Generating grammaticality correct sentences is a challenge in Natural Language processing. The algorithm should generate sentences not only from existing examples but new possible sentences from existing examples. Otherwise the work is heuristic search rather learning or intelligence.

If the sentence is assumed as a sequence of words following a graphical model, then we can use graphical algorithms to generate new sentences. But this hits the hard wall of clique problem which is yet to be solved.

Assuming grammar as a clique problem, we need directed cliques instead of undirected cliques. If finding undirected cliques is a harder problem, then finding directed cliques is the hardest problem. Our current algorithm trying to solve this by generating new word sequences by generating directed cliques.

Results shown here is not a general proof of clique problem as I havent tested current algorithm on other problem areas such as social network data. This shows how the new sentences can be generated using graphical reasoning that may solve clique issue in Natural Language Grammar and other areas.

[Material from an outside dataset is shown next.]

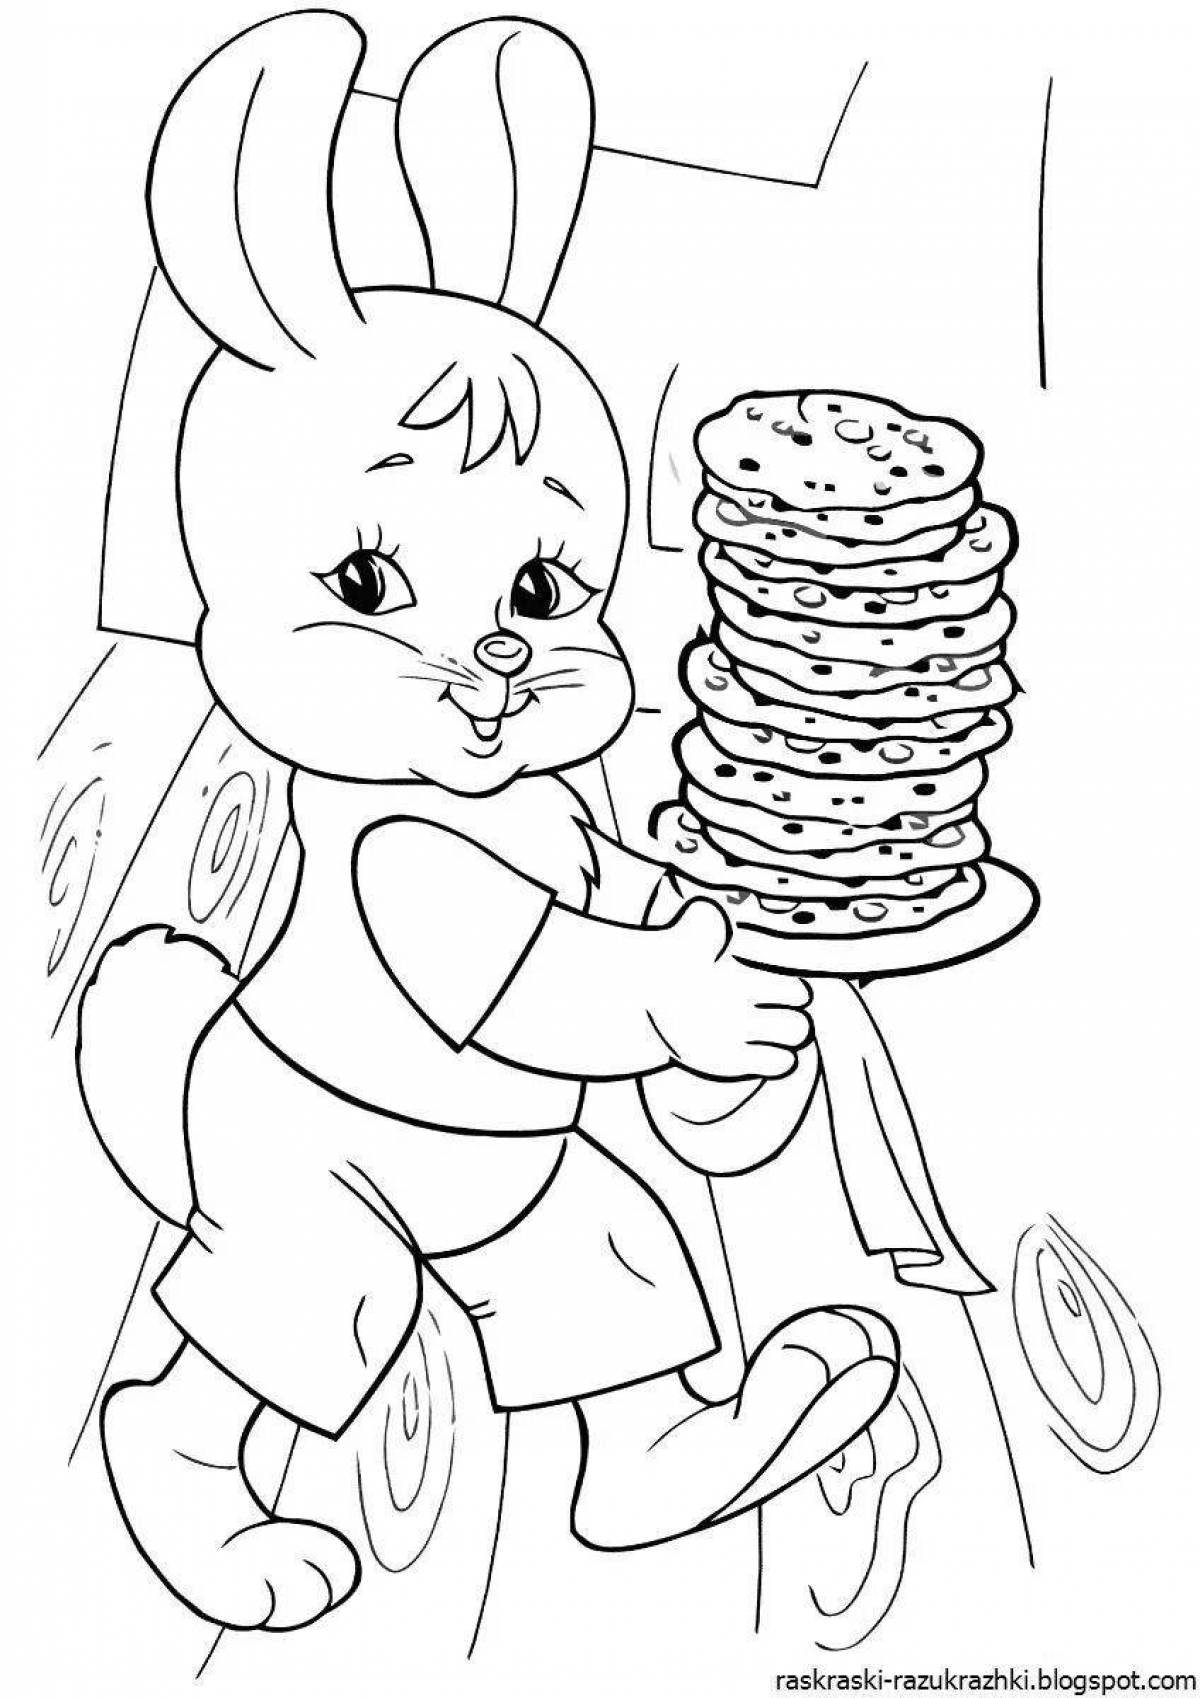 Adorable pancakes coloring book for kids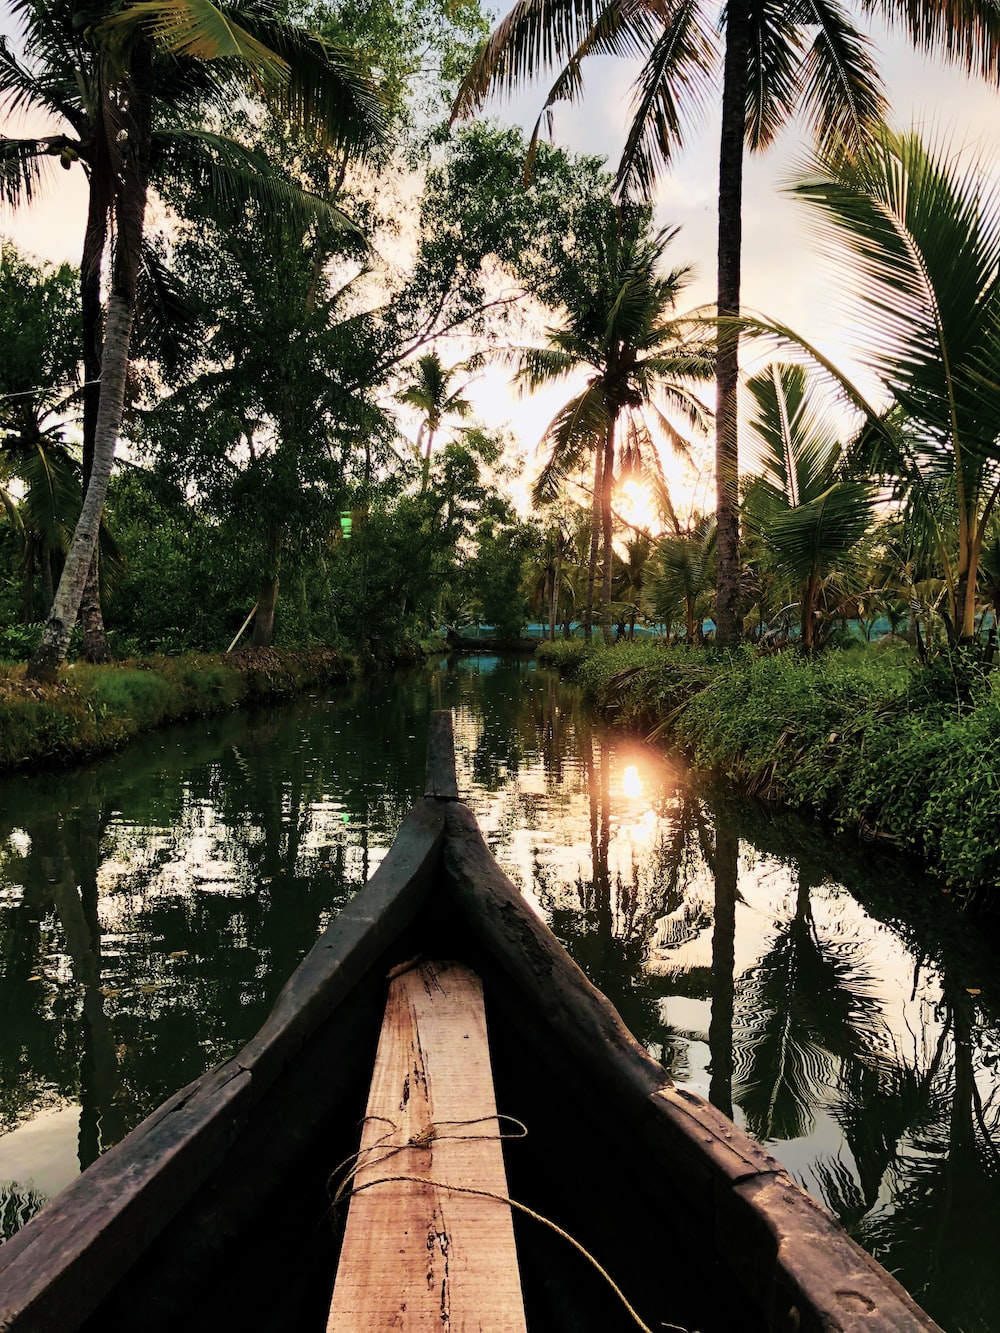 Kerala Backwaters Picture. Download Free Image

Take a look at the below figures.

The sentences generated are

I would warmly
I warmly welcome
I would welcome
I welcome

I would warmly
I warmly for
I would for
I for

I would warmly
I warmly encourage
I would encourage
I encourage

I would warmly
I warmly support
I would support
I support

I would warmly
I warmly thank
I would thank
I thank

what are the new sentences are inferred from this???

I would warmly thank
I would warmly for
I would warmly encourage
I would warmly support
I would warmly welcome

Is all the inferences are found in the original text? No. Some are found correct in the text itself and others are found grammatically correct out of the original text.

In this example, "I would warmly for" may not be grammatically correct. Why it is generated? Because Roman Letter I and pronoun I are not distinguished in the original text. Example: ' the proposal of "SIS I for All” ' . So this also generates "I is" kind of errors too.

"I are" is also generated because "My colleagues and I are" kind of lines in original text. This can be rectified by using an another algorithm that checks for global grammar.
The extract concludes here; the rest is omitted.